▸ TASK: A faithful copy of all the data is required; pictures should not be included.

▸ GIVEN INFORMATION:
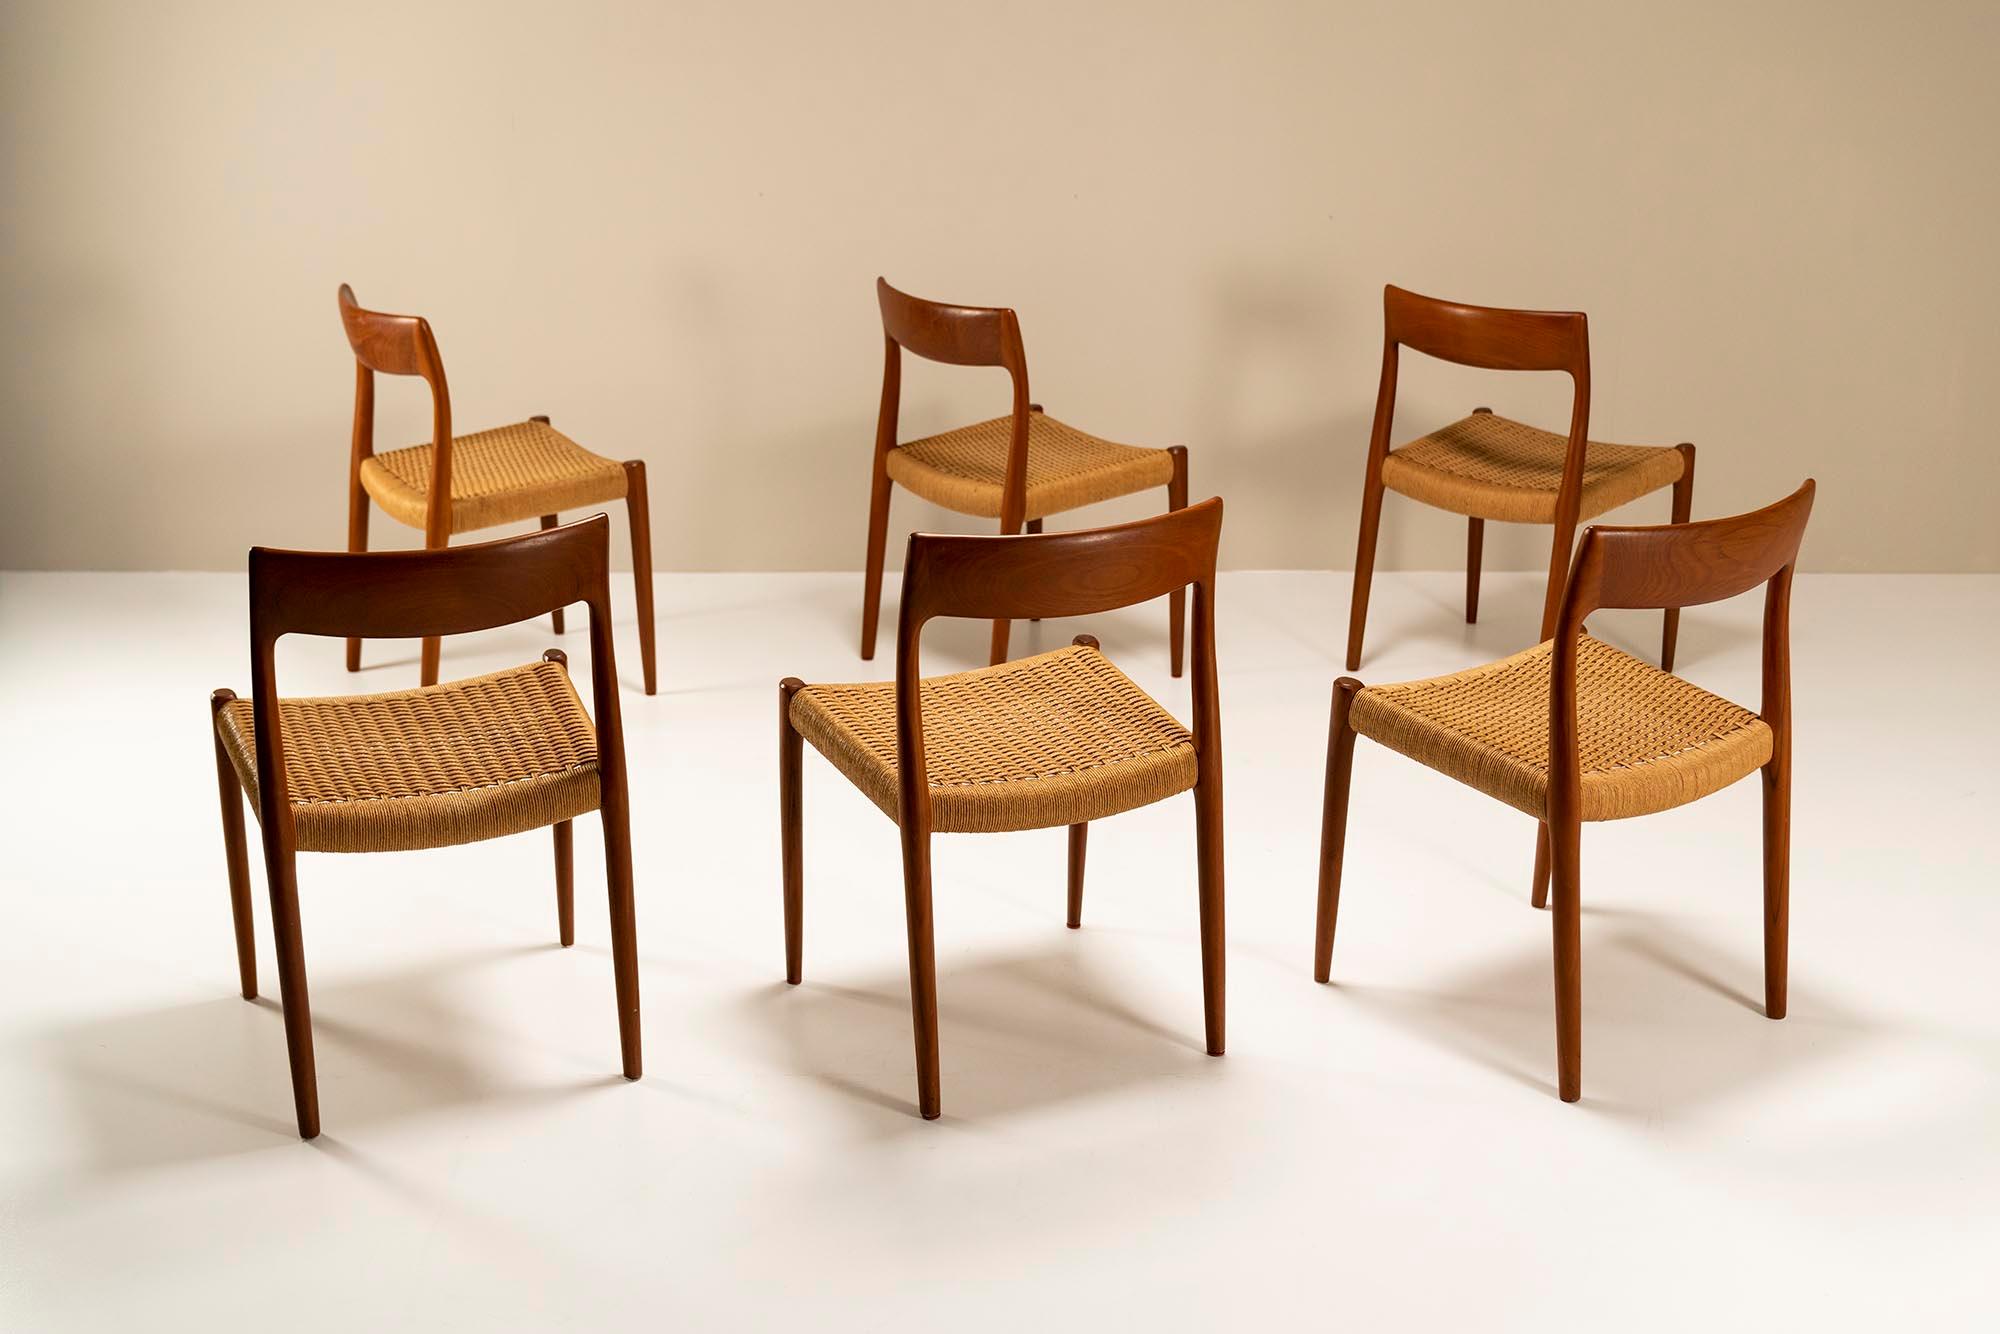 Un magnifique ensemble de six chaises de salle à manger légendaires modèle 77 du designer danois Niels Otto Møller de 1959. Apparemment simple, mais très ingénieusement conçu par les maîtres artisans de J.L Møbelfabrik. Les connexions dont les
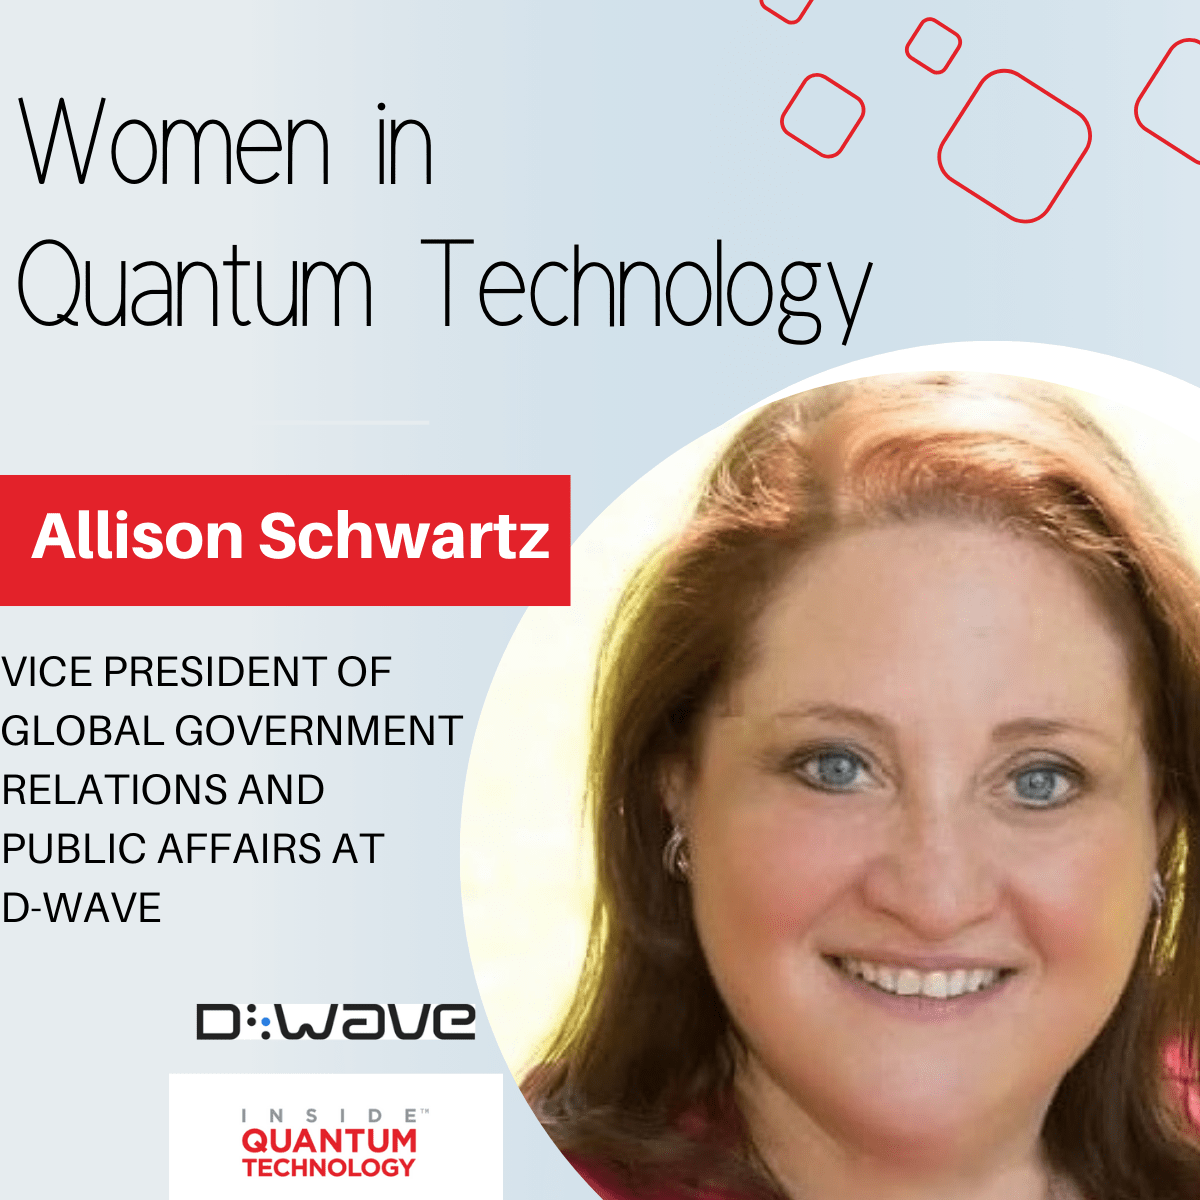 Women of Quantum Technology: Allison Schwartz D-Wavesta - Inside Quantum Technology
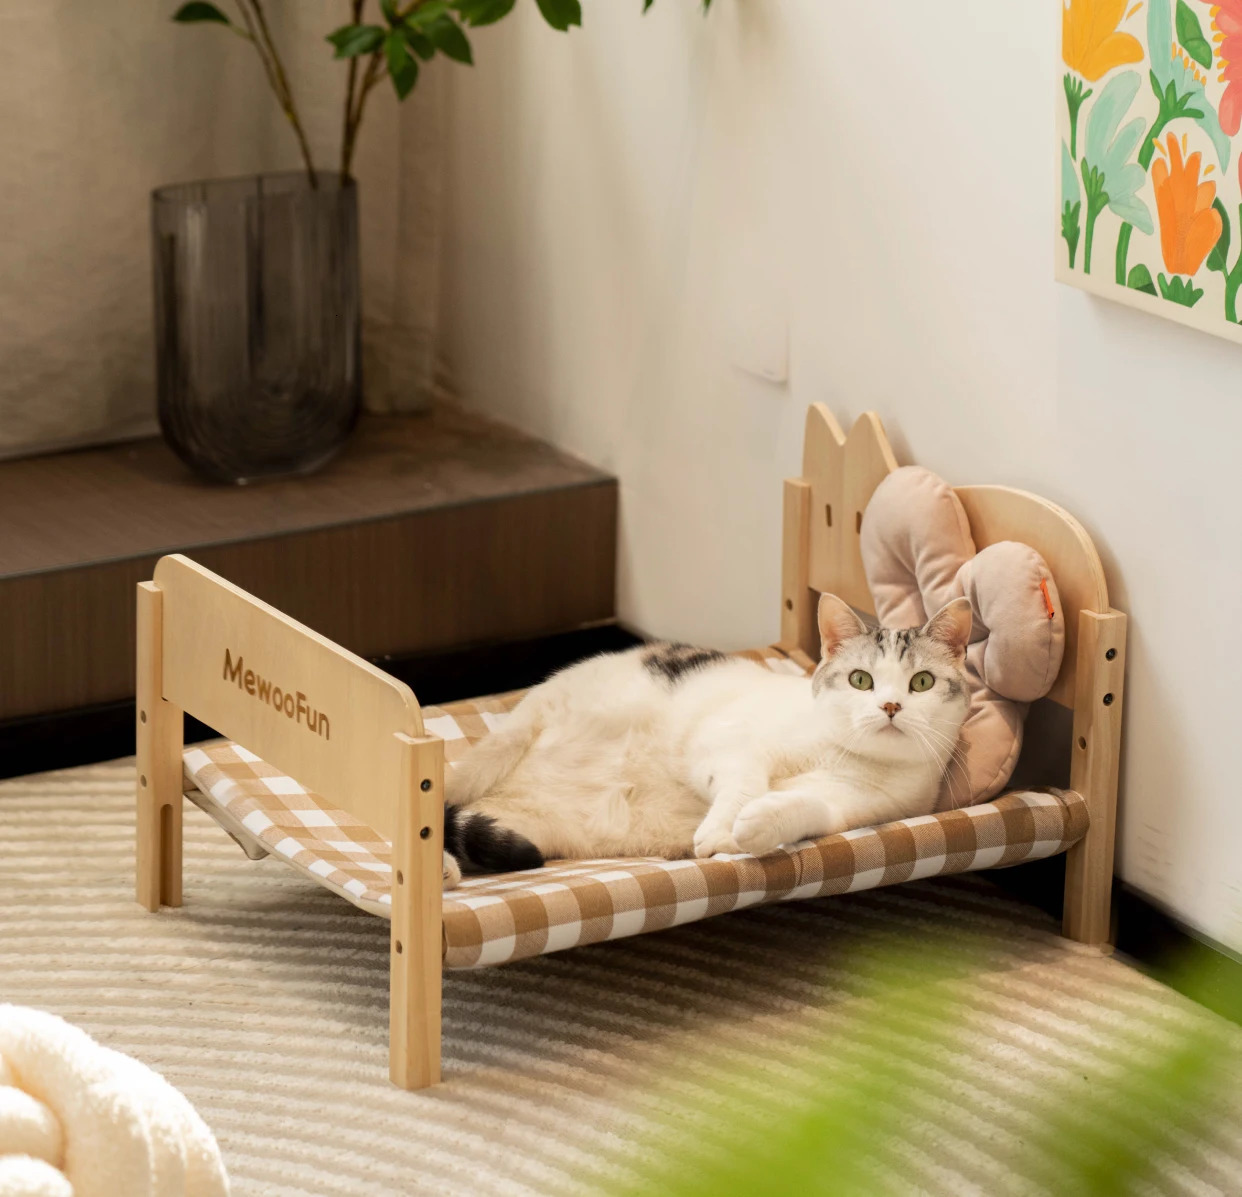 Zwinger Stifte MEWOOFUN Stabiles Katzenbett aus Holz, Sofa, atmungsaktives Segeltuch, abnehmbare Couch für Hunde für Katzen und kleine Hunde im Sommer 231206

▸ FINISHED EXERCISE:
 Un magnifique ensemble de six chaises de salle à manger légendaires modèle 77 du designer danois Niels Otto Møller de 1959. Apparemment simple, mais très ingénieusement conçu par les maîtres artisans de J.L Møbelfabrik. Les connexions dont les
 Women of Quantum Technology: Allison Schwartz D-Wavesta - Inside Quantum Technology
 Zwinger Stifte MEWOOFUN Stabiles Katzenbett aus Holz, Sofa, atmungsaktives Segeltuch, abnehmbare Couch für Hunde für Katzen und kleine Hunde im Sommer 231206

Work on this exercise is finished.